For a lack of capital, a need to do business soon with a winning first product, or simply a yield wall they have not been able to overcome, there’s quite a pile-up of algae companies somewhere past perfumery and short of animal feed. Creating a log-jam in markets such as astaxanthin.

VIII. Wishing for higher fuel prices

In some cases, we have companies that are willing to wait out the fuel price environment, or take a longer view of whether we are experiencing low oil prices or simply the typical low end of a volatile, whip-sawing market in petroleum.

Fans of the latter case: that we are looking at a typical cycle and companies have to anticipate and compete against the whole cycle, not just part of it — point to oil prices 10 years ago and oil prices today.

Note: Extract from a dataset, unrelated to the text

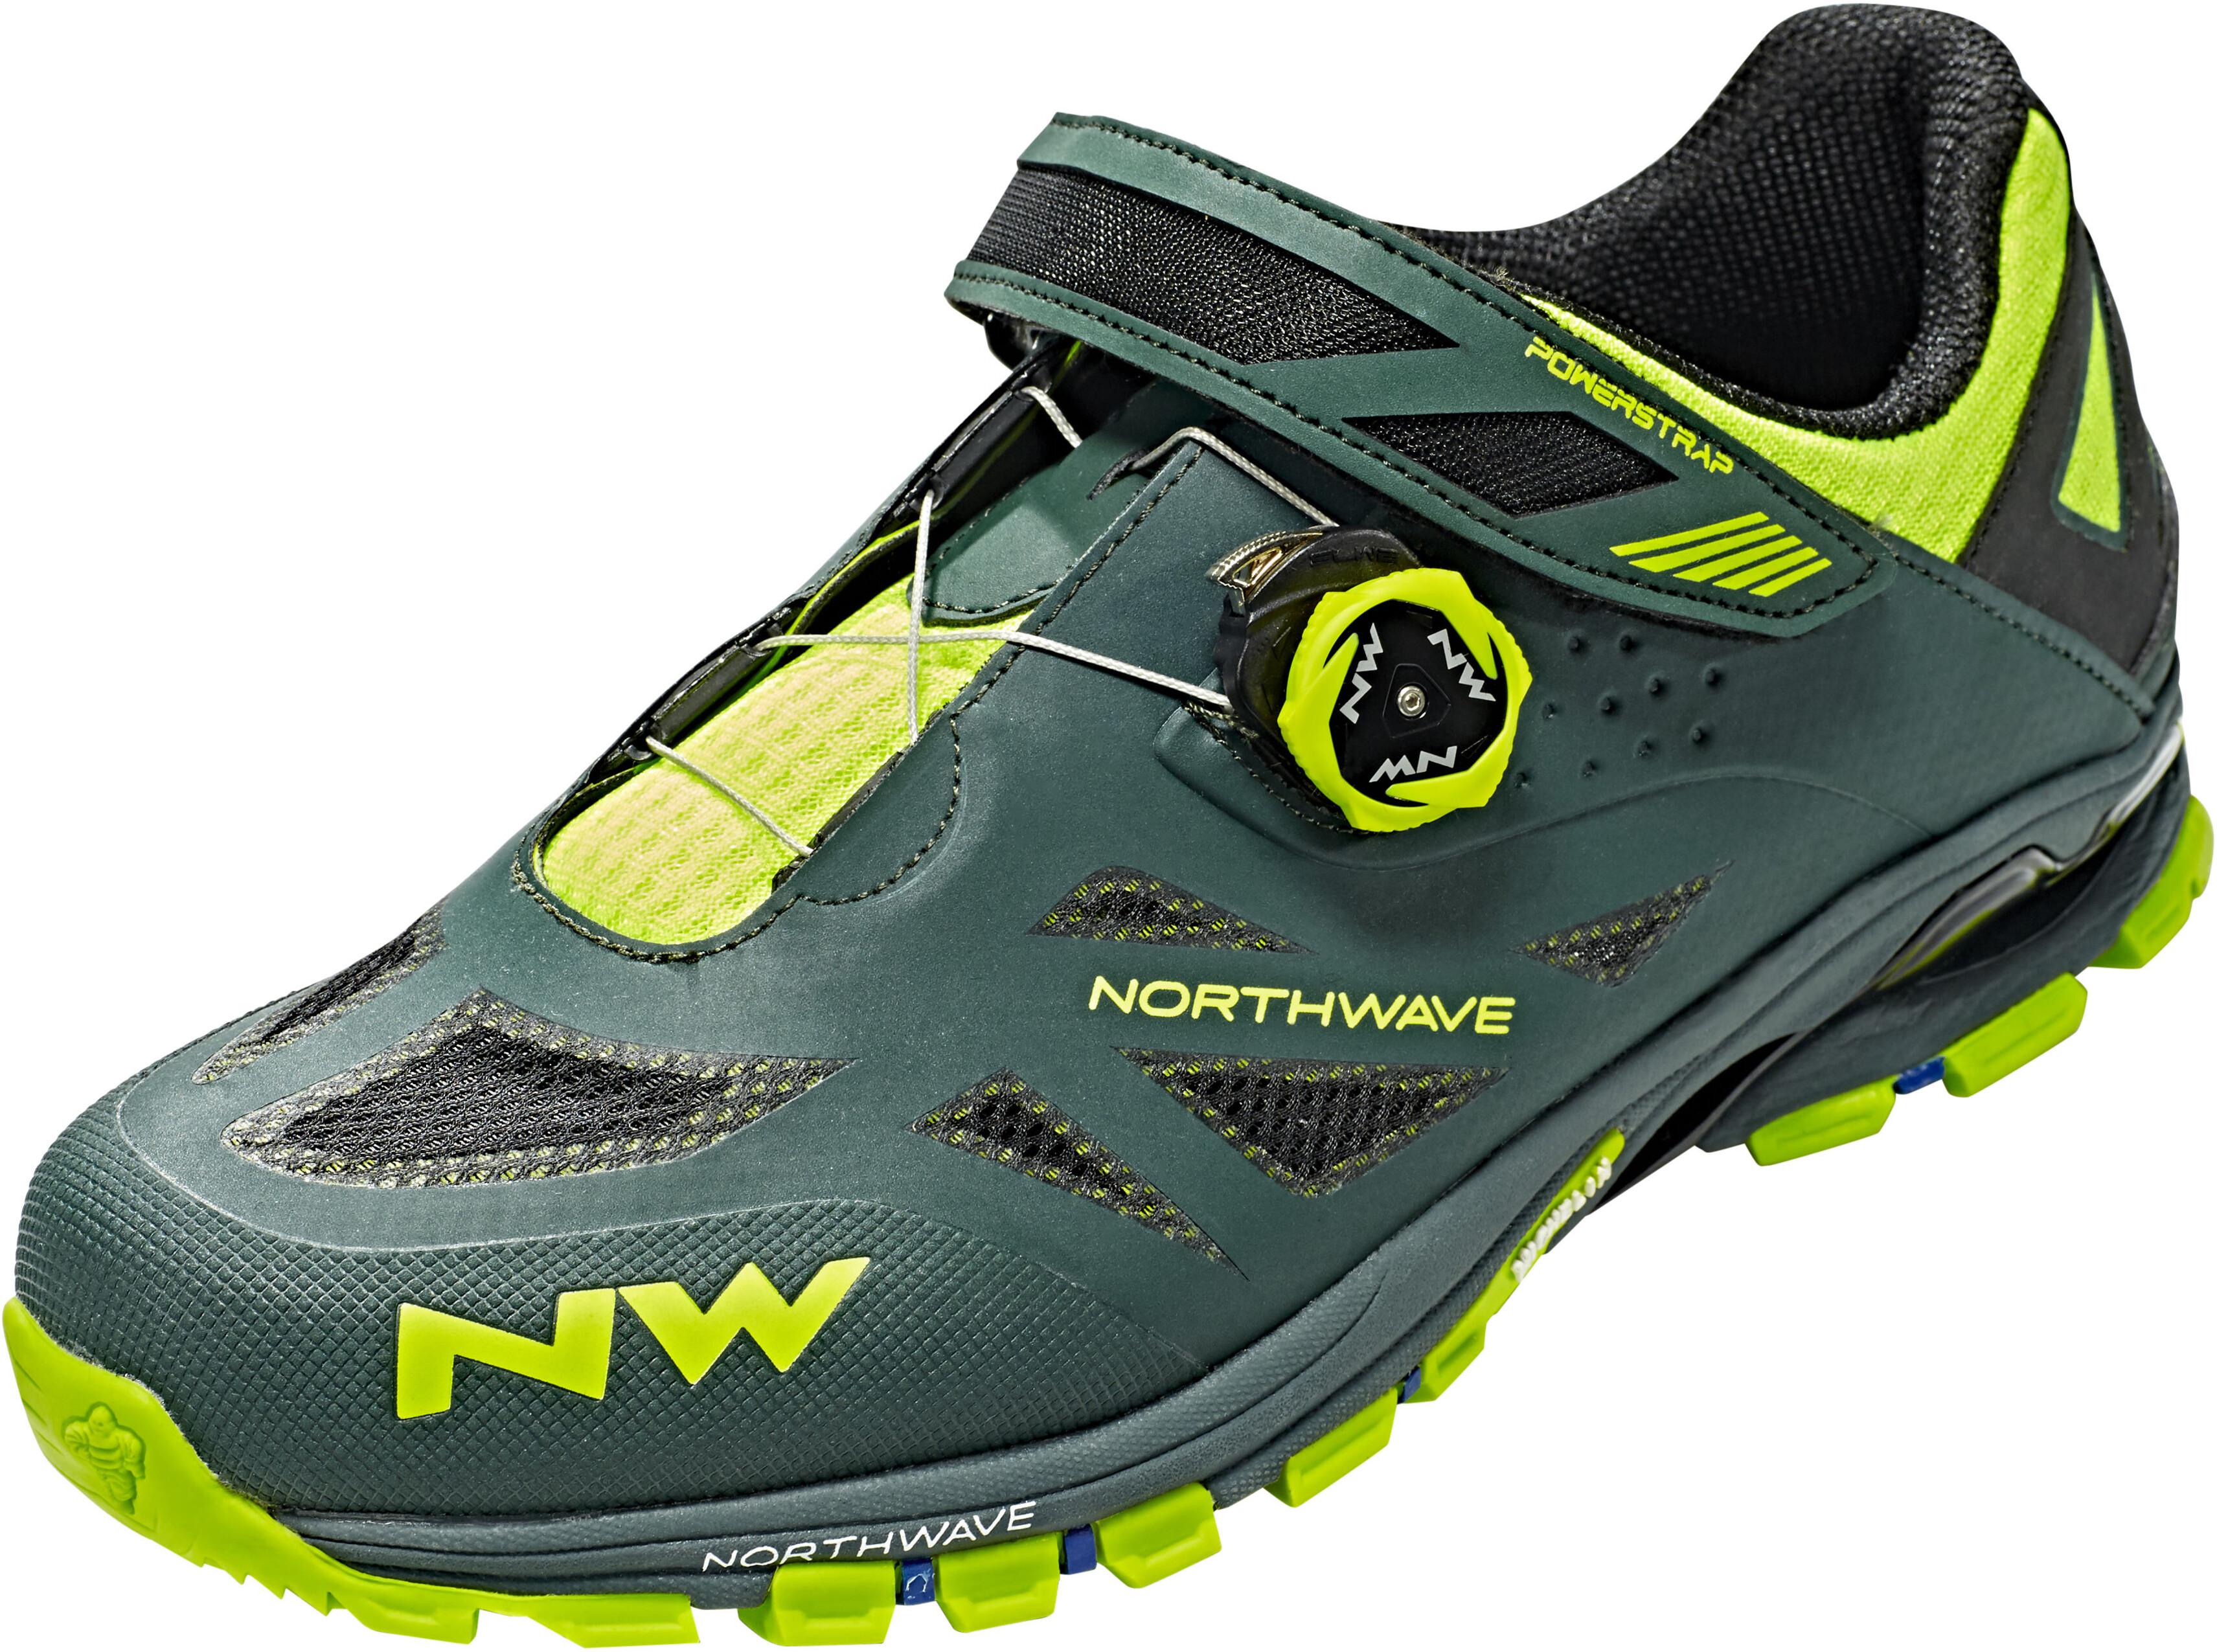 942a6b2fb77 Northwave Spider Plus 2 - Chaussures Homme - jaune vert - Boutique ...

After all, they argue, the original US Energy Policy ACt was signed in 2005 and spawned a flood of energy start-ups, why not consider how prices were then, and now.

Brent Crude in May 2005, expressed in Euros: €41.22
Brent Crude in Oct 2015, expressed in Euros: €44.34

Either way, fuel prices are expected to rise in 2016-17. OPEC chief Abdalla Salem el-Badri told conference-goers in Kuwait City this week that “we are hopeful that the industry will see a more balanced oil market in 2016. We have recently seen a contraction in production from some non-OPEC producers and an uptick in demand growth.”

How much will oil prices rise? The December 2016 NYMEX Brent Crude contract is trading today at 56.45, and trades are reaching $60 for the February 2018 contract.